アウトドアやウォータースポーツの撮影で360度カメラを活用したい場合は、防水機能を備えた機種がおすすめ。本体の各部に施されたゴムシーリングによって水やホコリの侵入を防げるため、急な雨や水辺でも故障を気にせず撮影が続けられます。

そのほか、より深い水深にも対応できる専用の防水プロテクターが用意されたモデルもあるので、ダイビングなどで使用する場合は防水プロテクターの有無も確認してみてください。

価格をチェック

360度カメラを選ぶ際は価格も重要。2万円程度で手軽に購入できるモノから60万円を超えるプロクリエイター向けのモノまで、さまざまな価格帯の機種が発売されています。通常のデジタルカメラと同じように、360度カメラも高画質になるほど、また、高機能になるほど価格も比例して高騰していくのがポイントです。

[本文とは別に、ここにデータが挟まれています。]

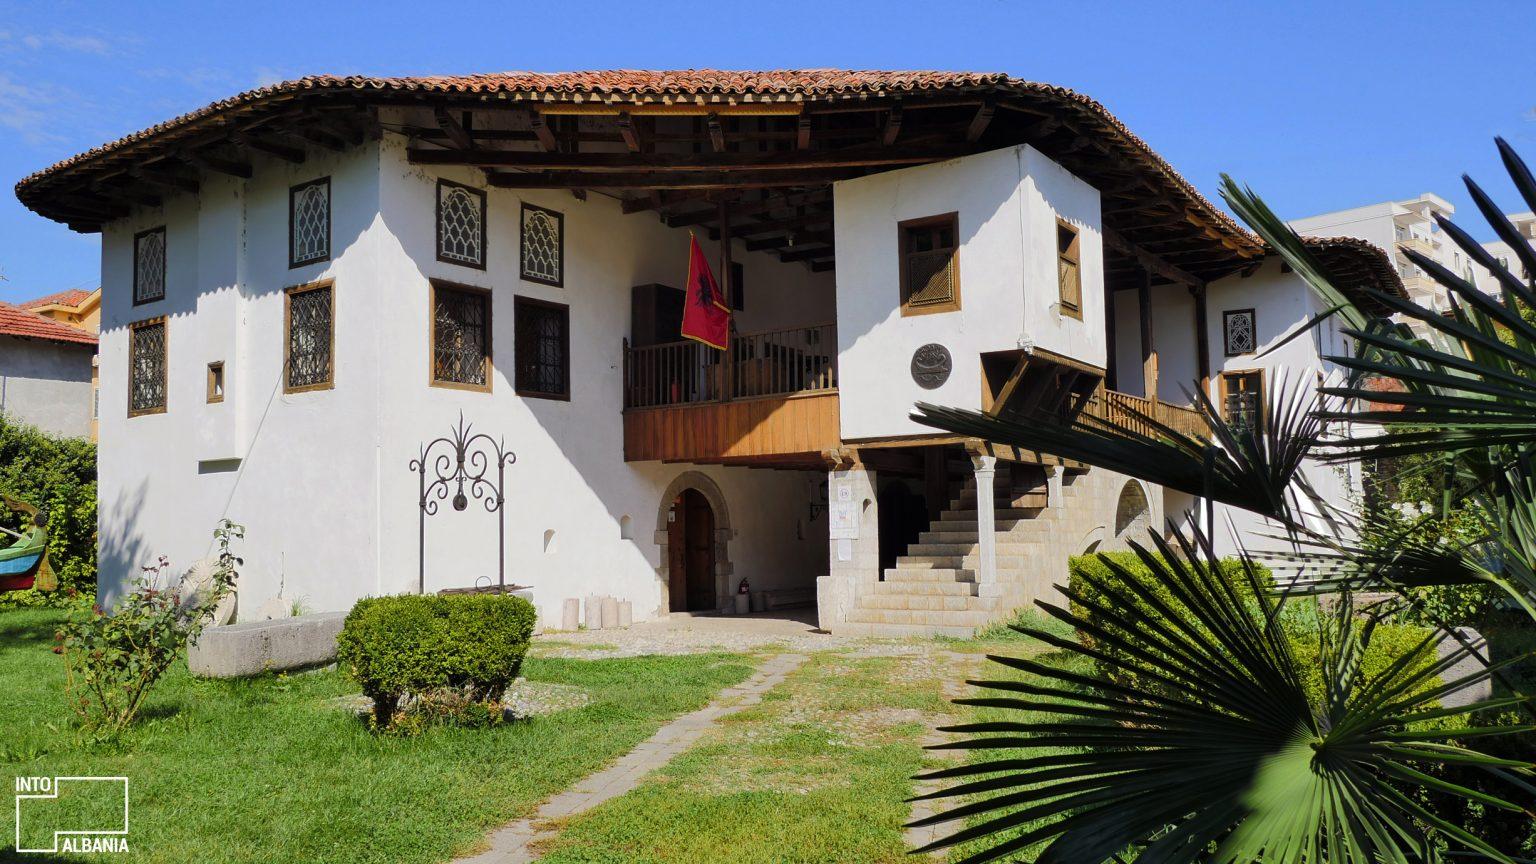 House of Oso Kuka, Shkodra, photo by IntoAlbania.

ただし、高画質な機種は撮影後のステッチ合成でハイスペックなPCが必要になるのが難点。また、基本的な機能しか使わない場合、必要以上に高機能なモノは持て余してしまいます。そのため、必要な画質や機能が搭載されていて、かつ、価格が予算内で収まる機種を選ぶのがおすすめです。

360度カメラのおすすめメーカー

リコー(RICOH)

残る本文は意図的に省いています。